Weak passwords are still essential obstacles to corporate security.

Oct 16, 2019923

Even with increased investment in digital security, companies still suffer from the reuse and adoption of weak passwords adopted by employees, points to LastPass by LogMeIn's 3rd Annual Global Password Security Report. The study provides insight into employee password adoption behavior and analyzes rising trends in the areas of identity and access management for companies around the world.


According to the report, even though 57 percent of companies surveyed report using multifactor authentication (MFA) solutions, employees still embrace weak passwords on corporate systems. Another problem identified by the study is the reuse of passwords, such as when a user always creates passwords that are the same as their own, and reuses passwords of other employees.


The report found that stolen and reused credentials are linked to 80% of cybercrime violations. "Companies should take more steps to improve password and access security to make a big impact on reducing risk," the researchers recommend in the report. The full report is available in English at the link.

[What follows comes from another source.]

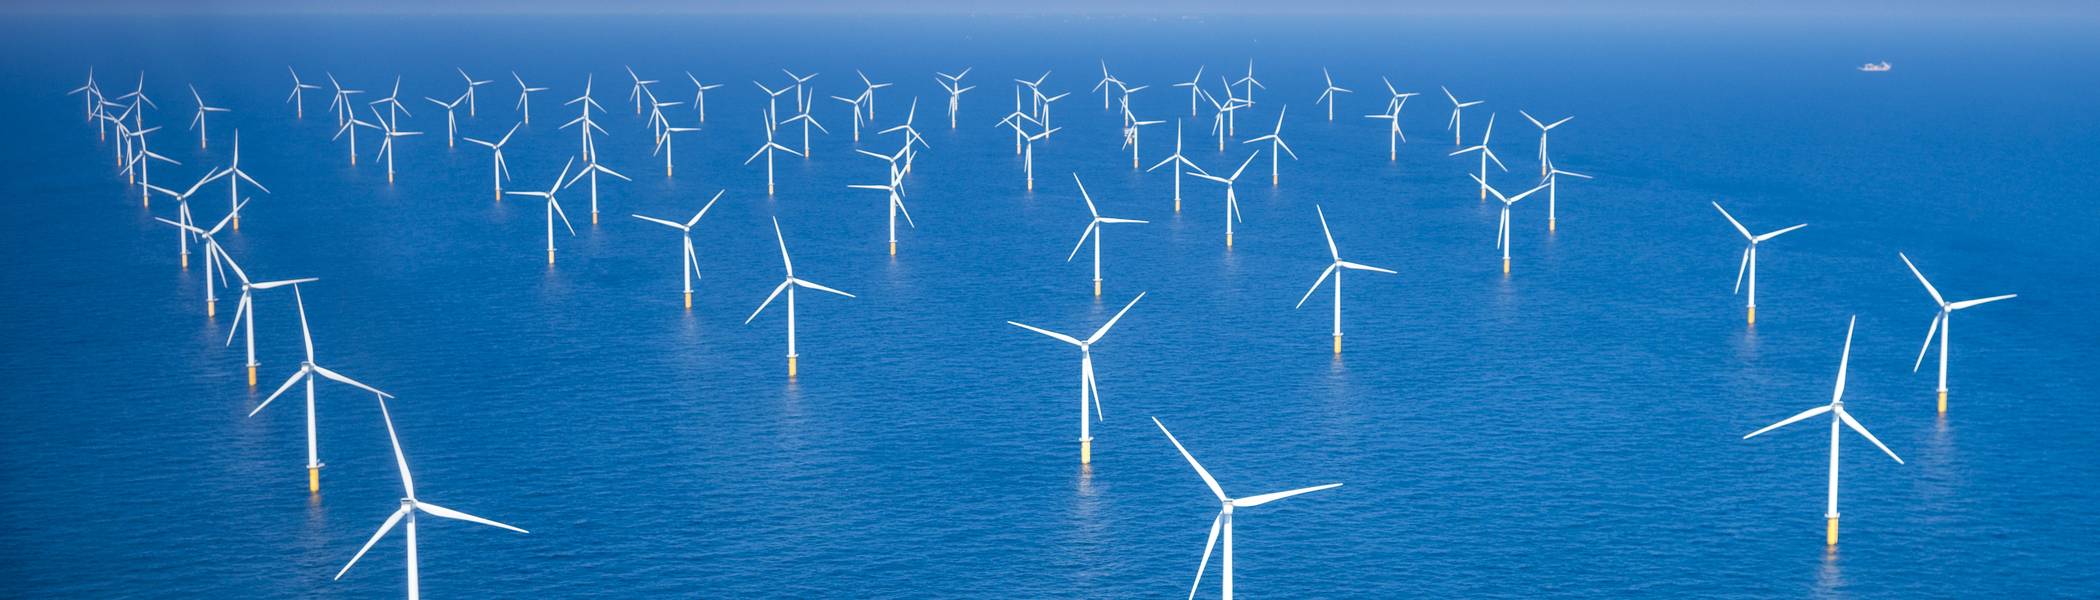 A sea full with wind turbines

Gerald Beuchelt, LogMeIn's director of information security, says protecting employee access is an extremely necessary security precaution. "Unfortunately, we see that most companies completely ignore password security or, when they include them in their processes, they don't treat them as a priority," he says.


“This report also highlights the importance of using the identity and access management tools available to information security managers, as well as focusing on training employees to improve their password habits,” explains Beuchelt.


Who is more susceptible?


The reuse of passwords and the use of weak passwords is a practice adopted by employees of companies of various sizes, but mainly by employees of small companies. Companies with fewer than 1,000 employees reuse 10 to 14 passwords, compared to just four passwords reused in larger organizations, the study notes.


Other identified data is that companies in the media, communication and advertising industry have the most passwords to manage, while public administration employees have the least.